» To do:
Take the entries below and print, exactly, the stretch from the line containing "NIKE ZOOM FLY" through the line containing "Ocoee River Rafting Wild", both included.

Task input below:

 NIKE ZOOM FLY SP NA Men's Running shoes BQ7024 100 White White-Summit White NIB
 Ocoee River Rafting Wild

End of Task input.
Task input below:

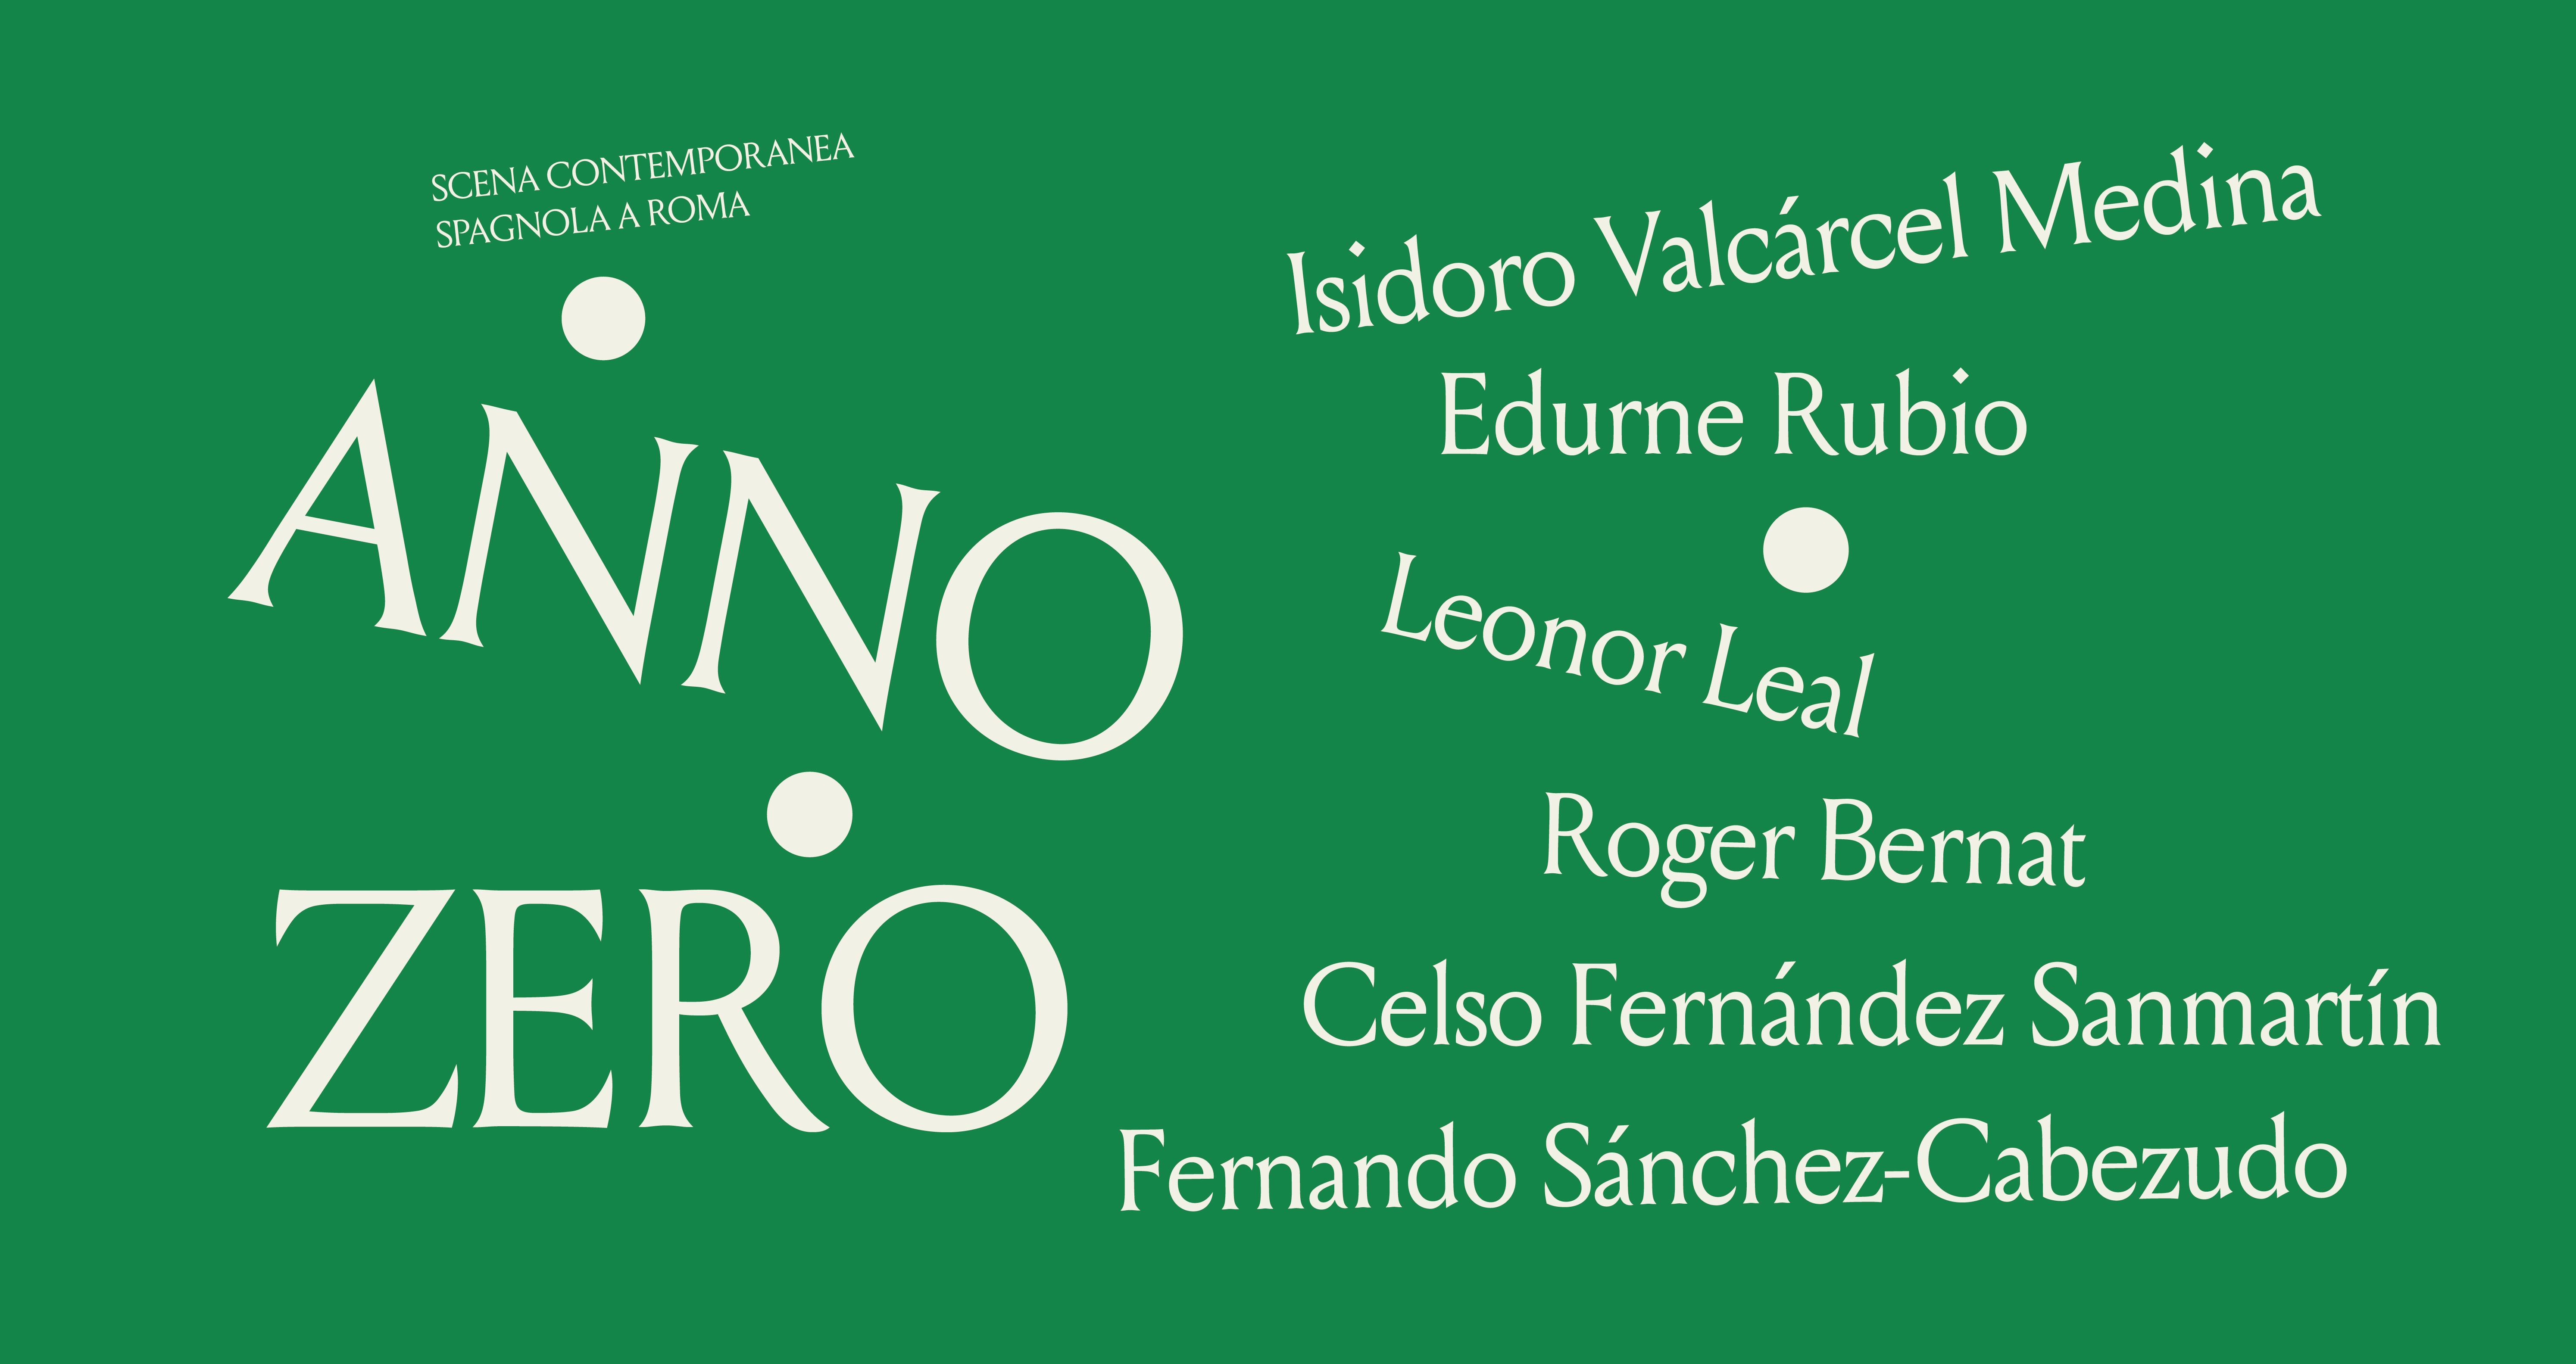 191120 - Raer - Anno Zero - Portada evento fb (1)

End of Task input.

» Answer space:
 NIKE ZOOM FLY SP NA Men's Running shoes BQ7024 100 White White-Summit White NIB
 Ocoee River Rafting Wild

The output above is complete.